The issue of when a reviewing court may properly consider the question of whether evidence was improperly seized or was the fruits of an improper seizure when those issues were not raised in the trial court was thoroughly addressed in an opinion written by Justice Seidenfeld in People v. Speed (1982), 106 Ill. App. 3d 890, 436 N.E.2d 712. The conclusion given there was that such consideration should only be given under the most extreme circumstances. That opinion pointed out that only when a motion to suppress evidence is made is the State put on notice to justify the procedure used to obtain the evidence. If a reviewing court makes a determination on that question based upon the evidence at trial absent such notice to the State, the State may be prejudiced because it could have put on additional evidence justifying the seizure of the evidence but refrained from doing so because it did not consider the evidence necessary.
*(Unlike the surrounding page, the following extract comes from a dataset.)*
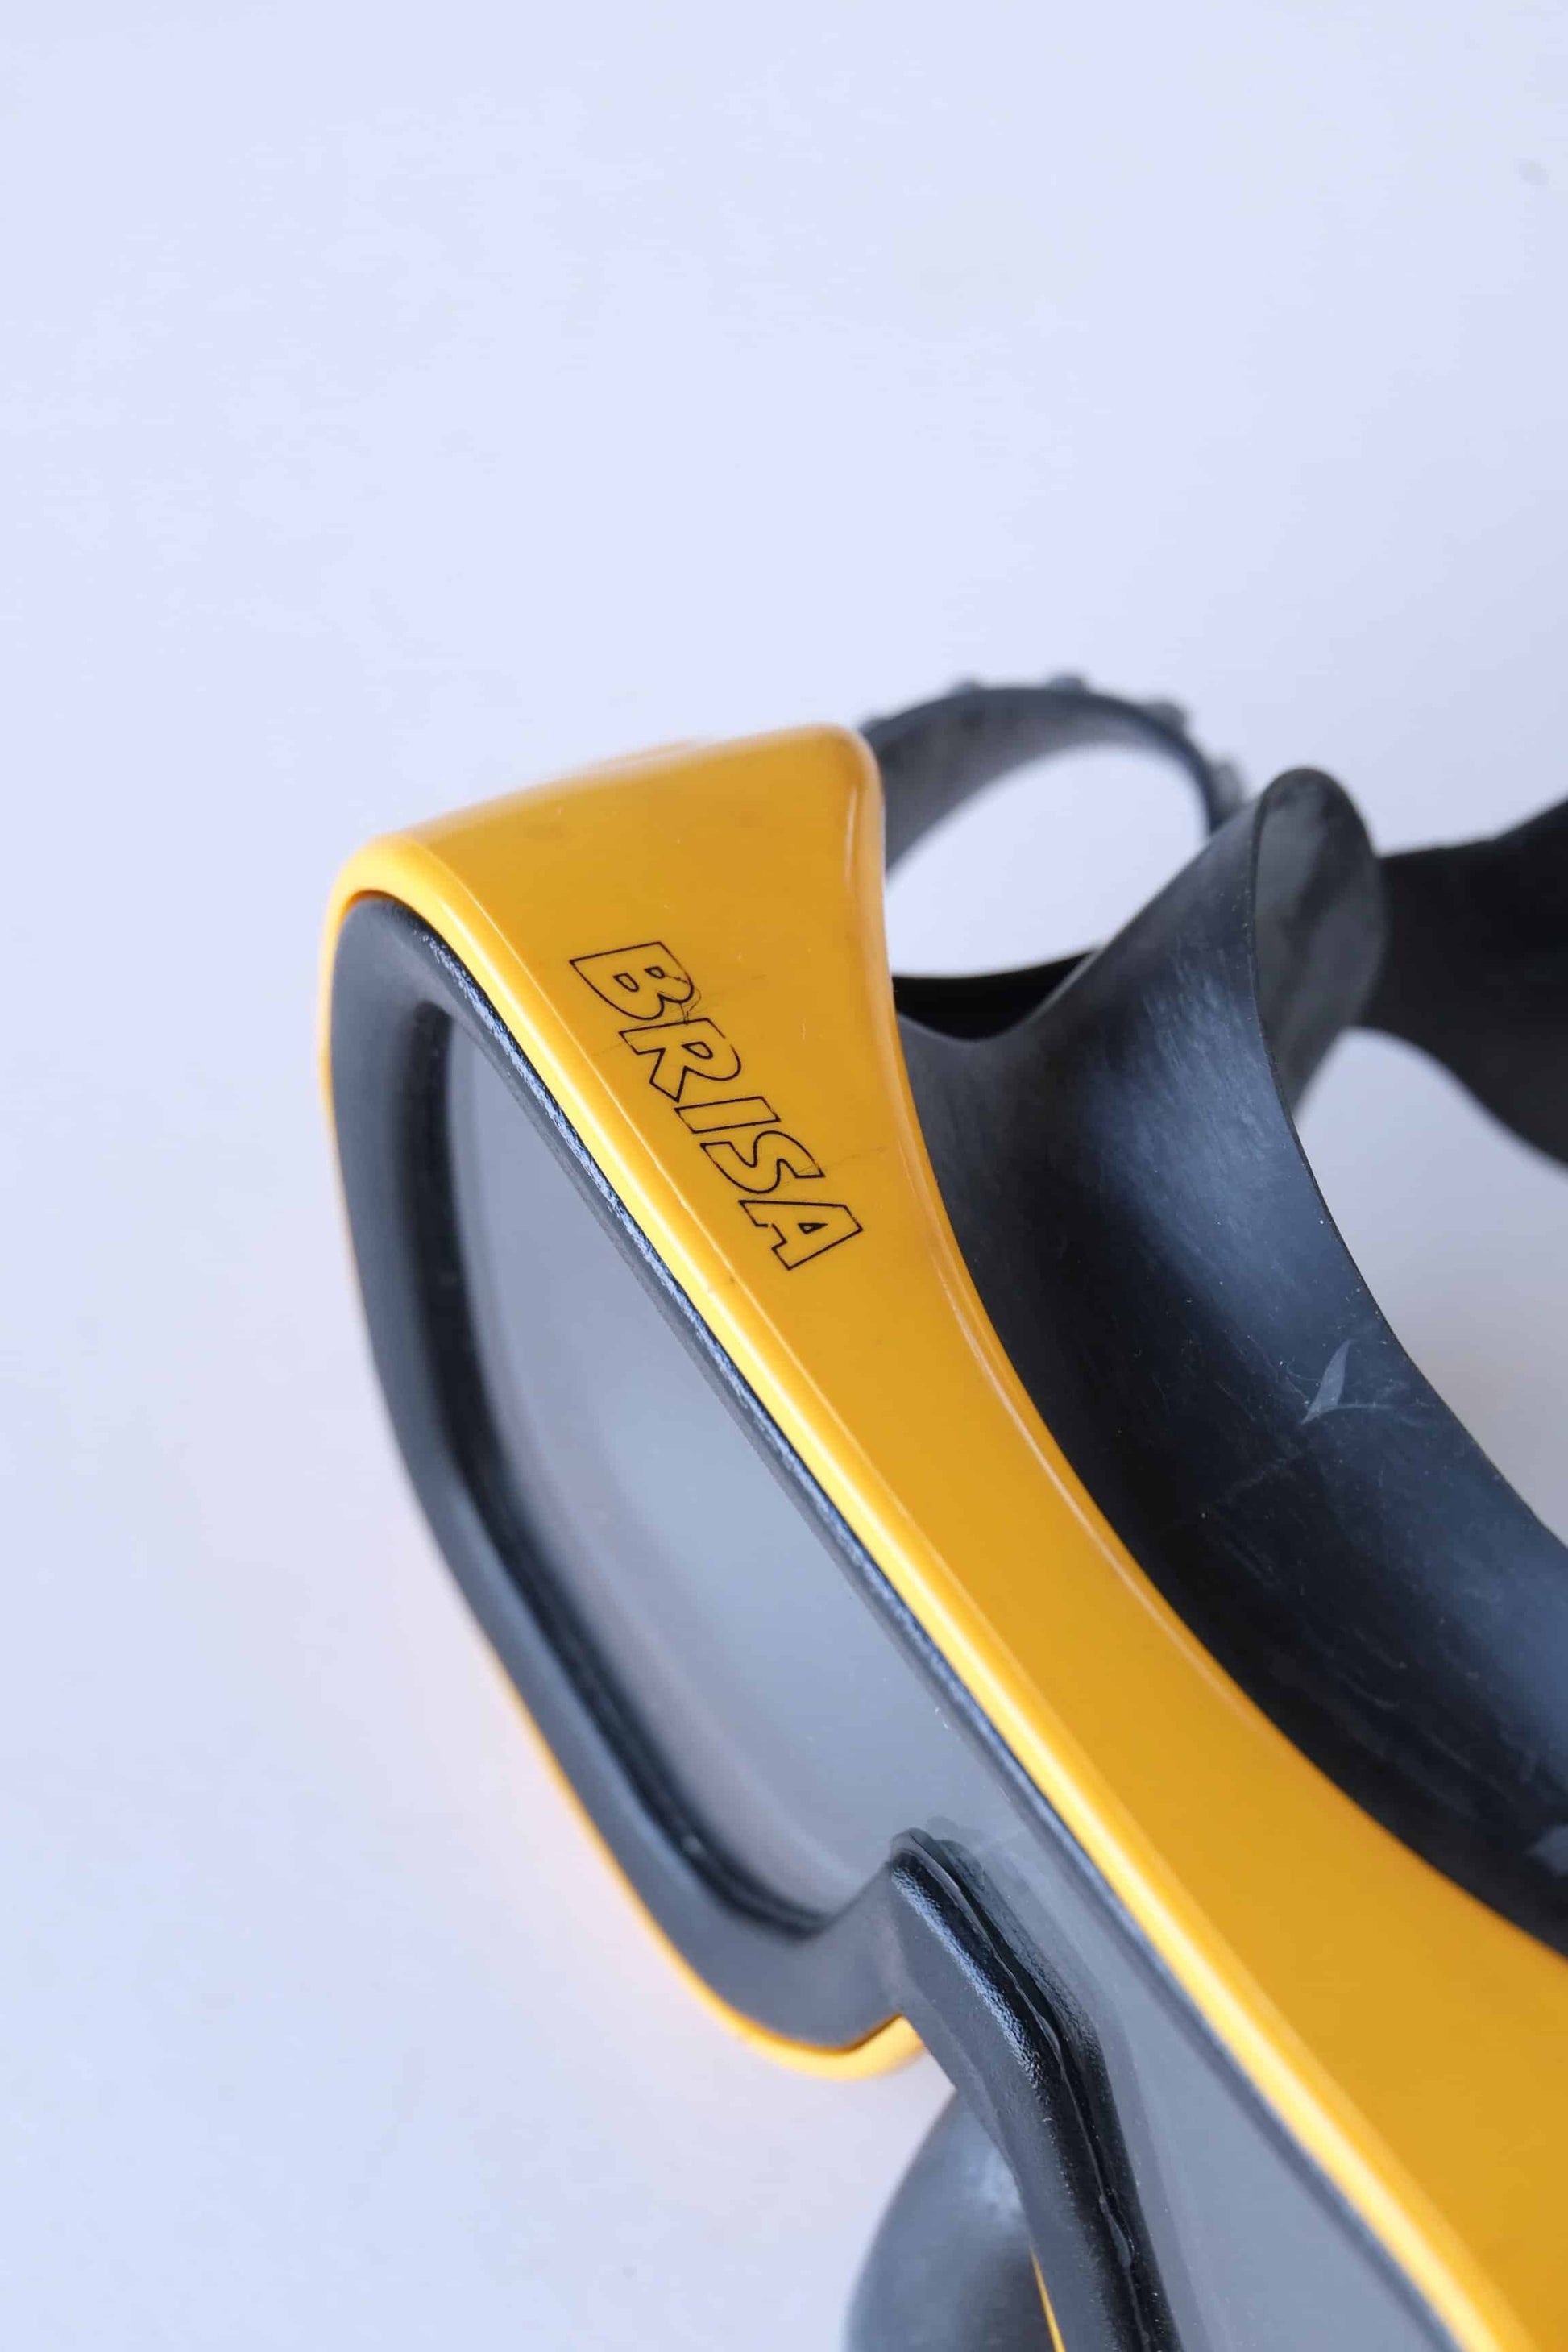 NEMROD Brisa 90's Diving Mask yellow and black close up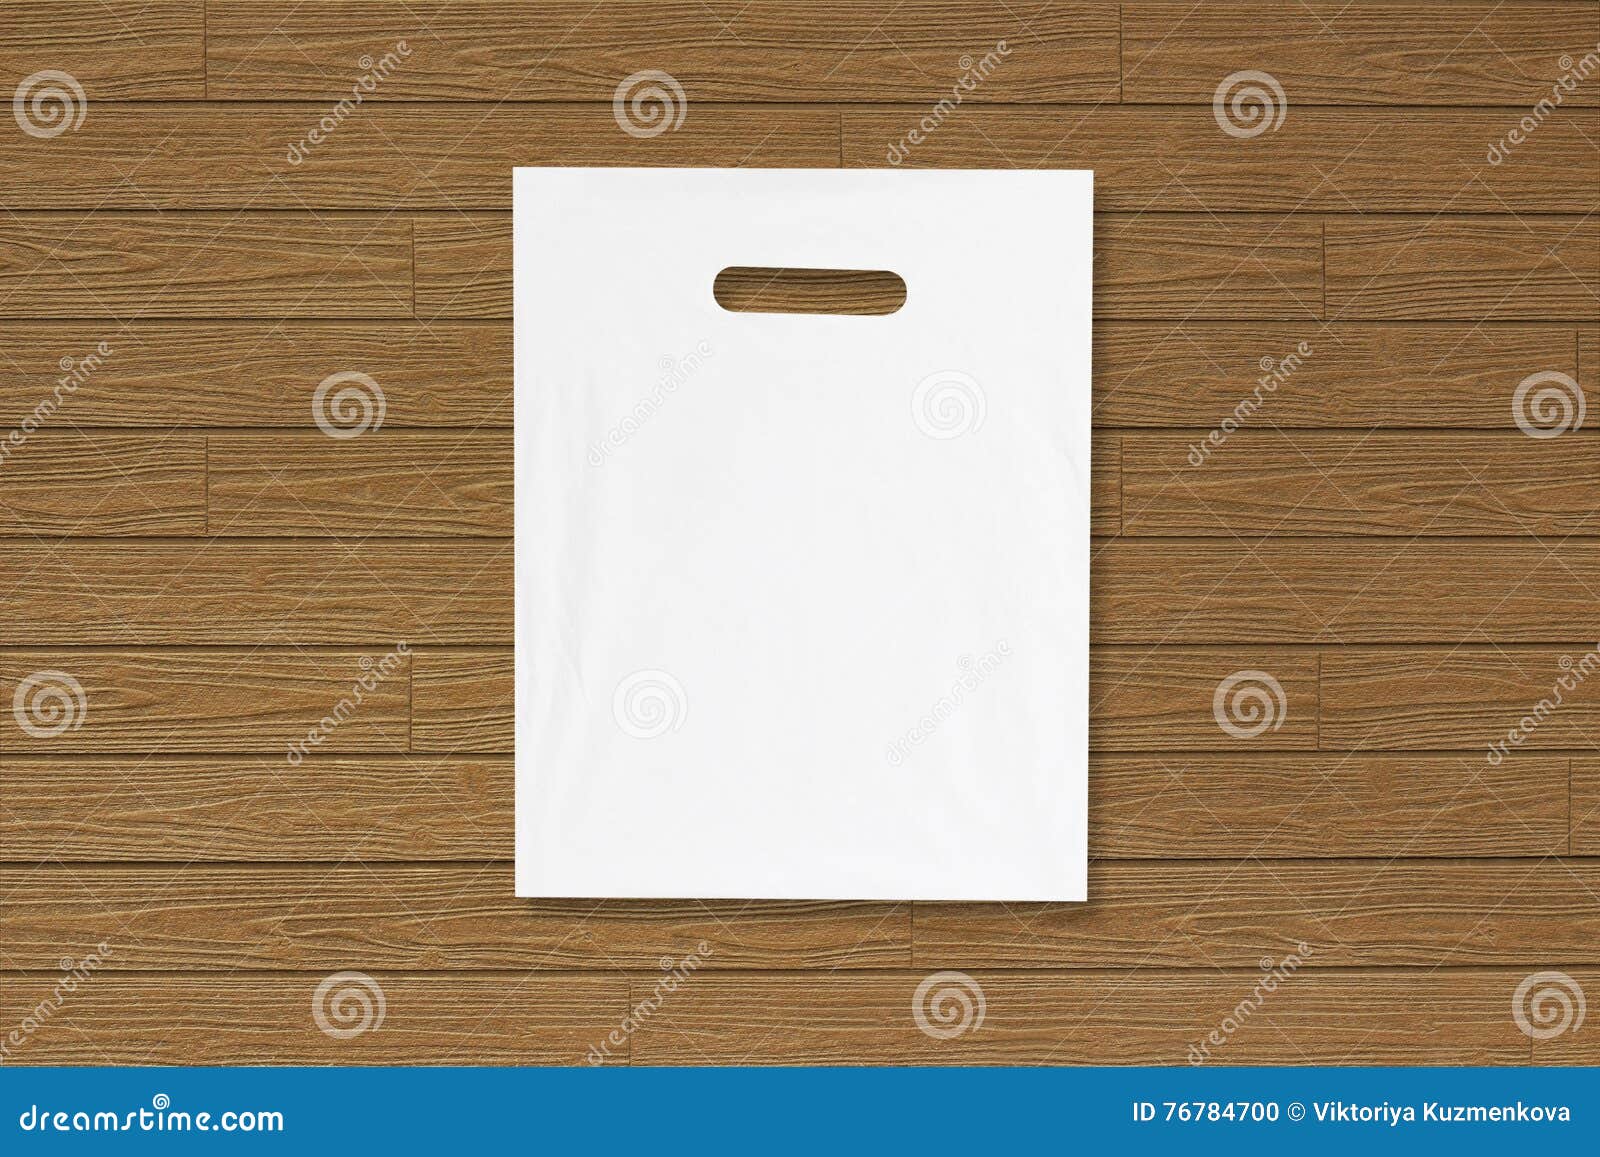 Download Blank Plastic Bag Mock Up On Wooden Floor. Empty White ...

If the State is placed in jeopardy of having the evidence it presented at trial held to be inadmissible on review even though objection to the evidence was not made below, prosecutors will be attempting to put on evidence proving probable cause which is highly prejudicial to defendants. See 4 W. LaFave, Search & Seizure §11.7(d), at 522 (2d ed. 1987).

The arresting officer here may or may not have had grounds to approach the car defendant was driving and demand to see his driver’s license after the officer observed that the car did have a certificate in regard to registration. Likely, the case against the defendant could not have been proved without the use of the evidence which was the fruit of the stop. However, no case has been called to our attention where the reviewing court has held that plain error arose merely because the admission of improperly received evidence was essential to the proof of guilt. Unlike in Johnson, no fraud or deception was practiced against the defendant or his counsel. No plain error occurred. Accordingly, we affirm.

Affirmed.

KNECHT, P.J., and SPITZ, J., concur.